In the early 1980s people sort of simultaneously decided to notice that asbestos could have these effects and also that it was in freaking everything.  What ensued was a panic, in which the problems of asbestos containing materials were often made worse, regulations and responses were made on the fly and consequently made very little sense.  A lot of people, including my former employer, got awfully wealthy during this panic and people in general learned to fear asbestos in highly irrational manner.  For a long time, I held on to what I knew from the aftermath of that panic as somehow instructive about the growing evidence that human activity is contributing to climate change.
I was aided and abetted in that delusion by the soothing words of what I now know to be the voice of industries that were directly invested in fossil fuel production and consumption.  In the wake of the asbestos panic, it was found that Johns Manville, a large (to put it mildly) corporation which manufactured all manner of asbestos containing materials had actually suppressed evidence of the harmful effects of asbestos, and thus were found liable and had to pay out huge sums of money to those affected by exposure to asbestos.
It turns out that Exxon Mobile and Koch Industries and such like have pulled and are continuing to attempt to pull such a deception. The level of chicanery is several levels above what Johns Manville did with asbestos though.  Johns Manville simply didn't share all the information they had, the fossil fuel conglomerate has actually gone on the offensive against everyone from the EPA to science itself, trying to convince enough people that climate change isn't happening, or failing that, that it's not that big of a deal.

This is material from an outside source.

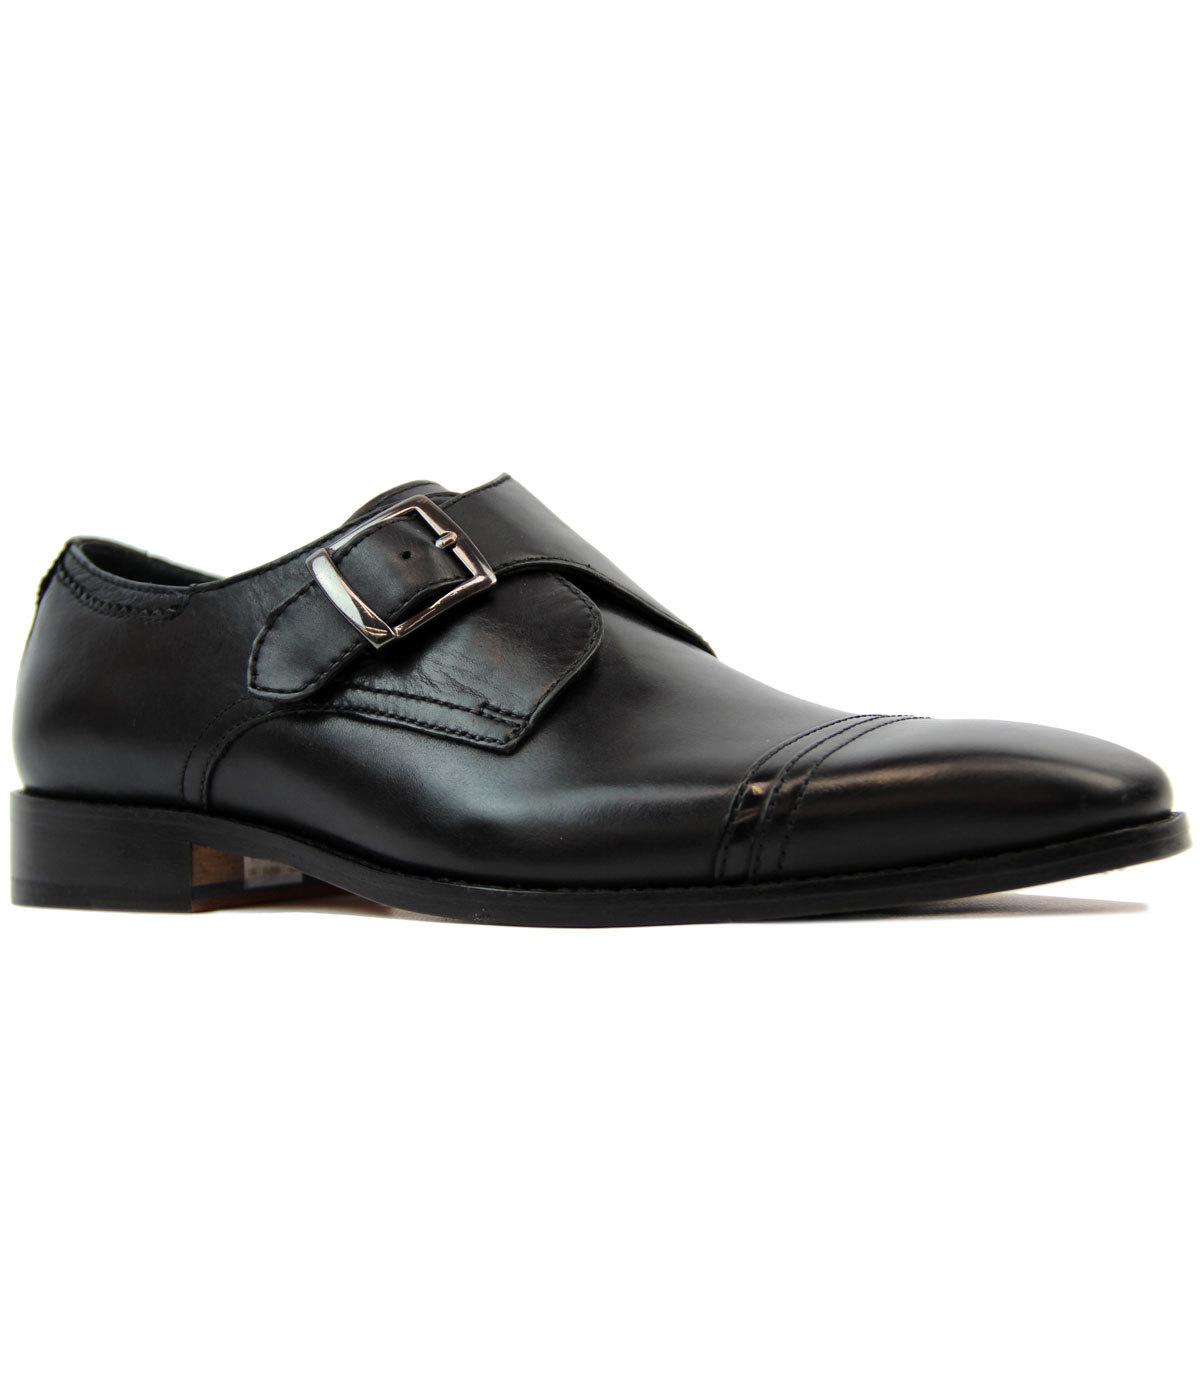 Sawley GOODWIN SMITH Retro Mod Monk Strap Shoes

This time the victims are not just going to be a few thousand steam fitters and ship builders, this time the victims could be anyone who lives within 500 miles of a coast, any coast, you pick.  This time they are going to be all the people who suddenly live in an area where diseases like malaria start happening when they never did before, or who find their formerly productive farms turning into desert.  I'm not a lawyer, but it seems to me if you could even make a thin case, you could have a hell of a class action lawsuit.